Kids are not gonna be happy with some brie, stinky cheese and pear slices. Nor is my DH. He will wondering where his nightly meat course is. For ladies over 35, it is the perfect dinner to nibble or even ignore.


My parents (who are 69) did this for CHRISTMAS DINNER. And then my family (DH, me, and the kids) went out for Thai food. And basically, I no longer plan to visit them for Christmas. They are welcome to come to my house, which won’t happen. But man, you can’t “host” Christmas dinner and put out snacks. I don’t give a hoot whether the pears were from Harry and David.

Anonymous
Anonymous wrote:OP, I am late to this conversation and maybe missed it last year.

Just wondering, what was your inlaws reaction (or what would it have been) if you just drove to the store and bought some cheese, crackers, fruit and sausages to keep on hand for people?

Why is it OK that this was a gift but not for you to just get for yourselves?

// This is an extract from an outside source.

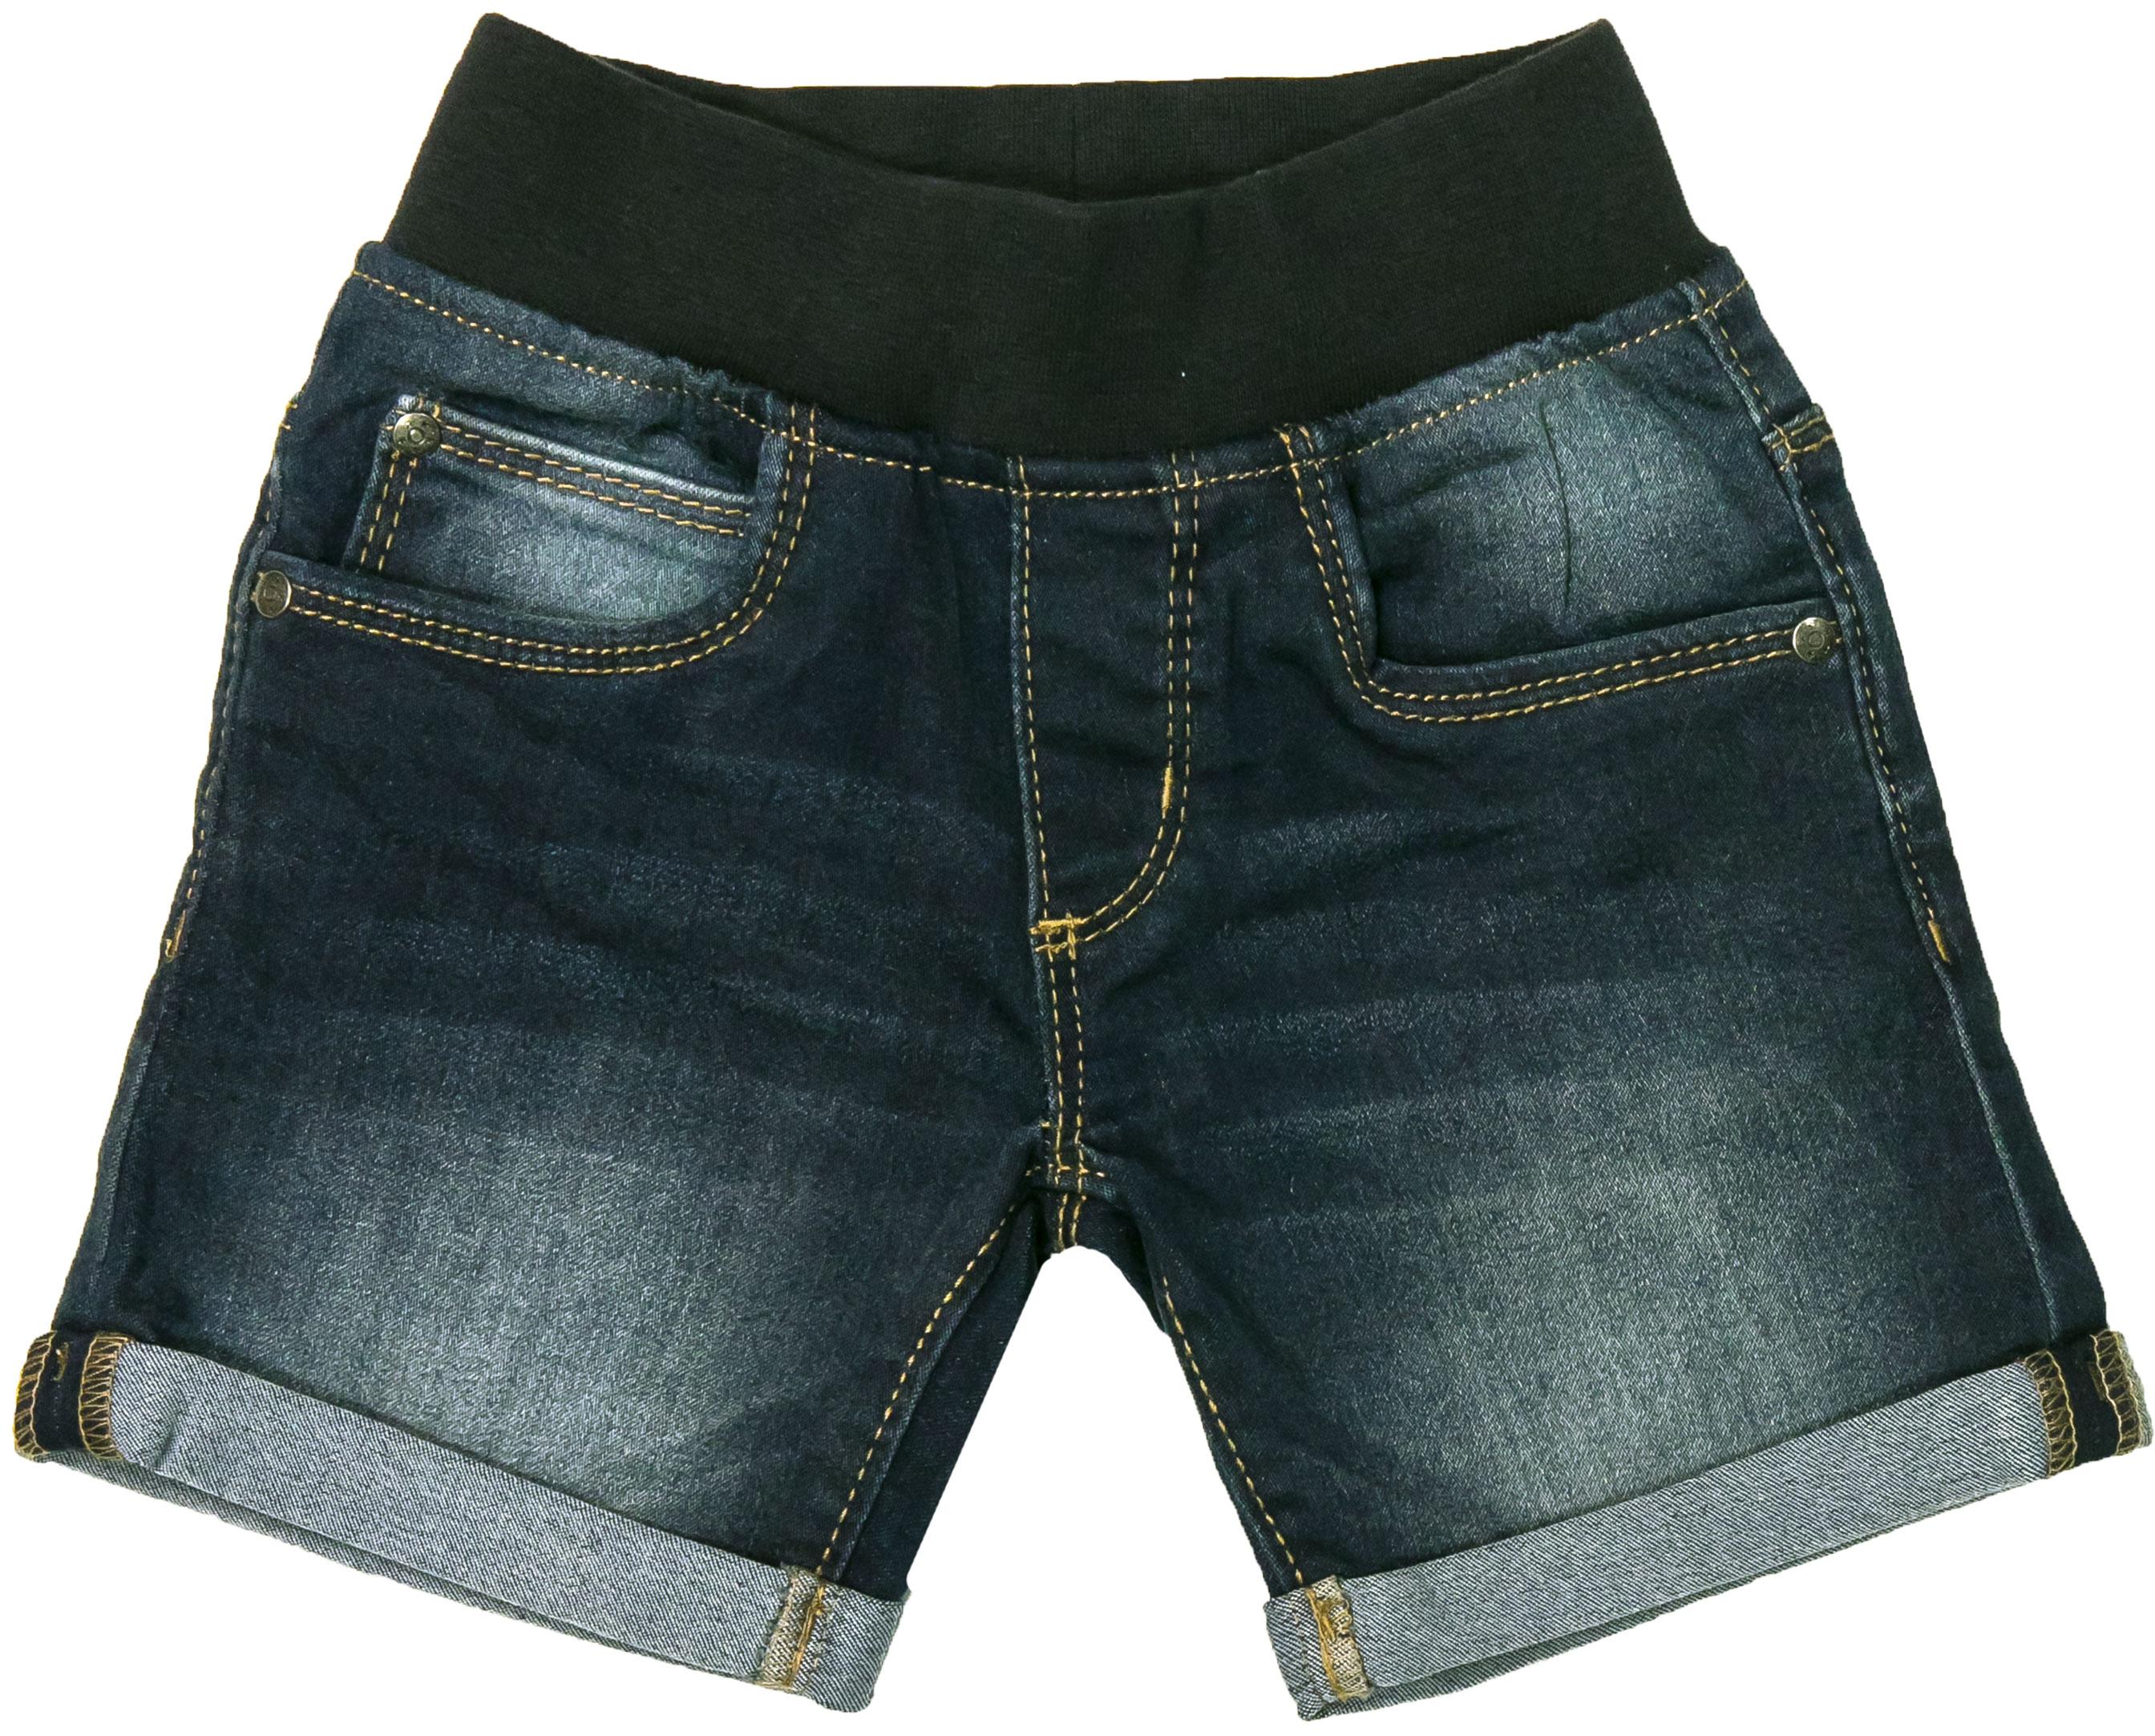 Шорты Barkito Лето на пляже 944009 X570 75 шорты barkito шорты джинсовые для мальчика barkito супергерой голубые

In years past, when we have gone out to get groceries/go to a restaurant/get take-out, they keep talking and grumbling about it. "You had a HUGE breakfast; how can you want dinner?!" (Uh, because we didn't gorge ourselves just because there was a lot of food. We ate a normal amount of food and now want to eat again, several hours later.) So it's never that we wouldn't get food and take care of ourselves, it was that there was so much commentary.

I think with the "basket that I won," it's that there was this nice windfall of food, and it couldn't possibly go to waste...the idea of it going to waste or not taking advantage of a windfall maybe trumped the disturbing fact that we needed to eat again. Or something.

Oh well! Now "it's tradition" and Cheerful Dumb DIL will arrive tomorrow with her wares!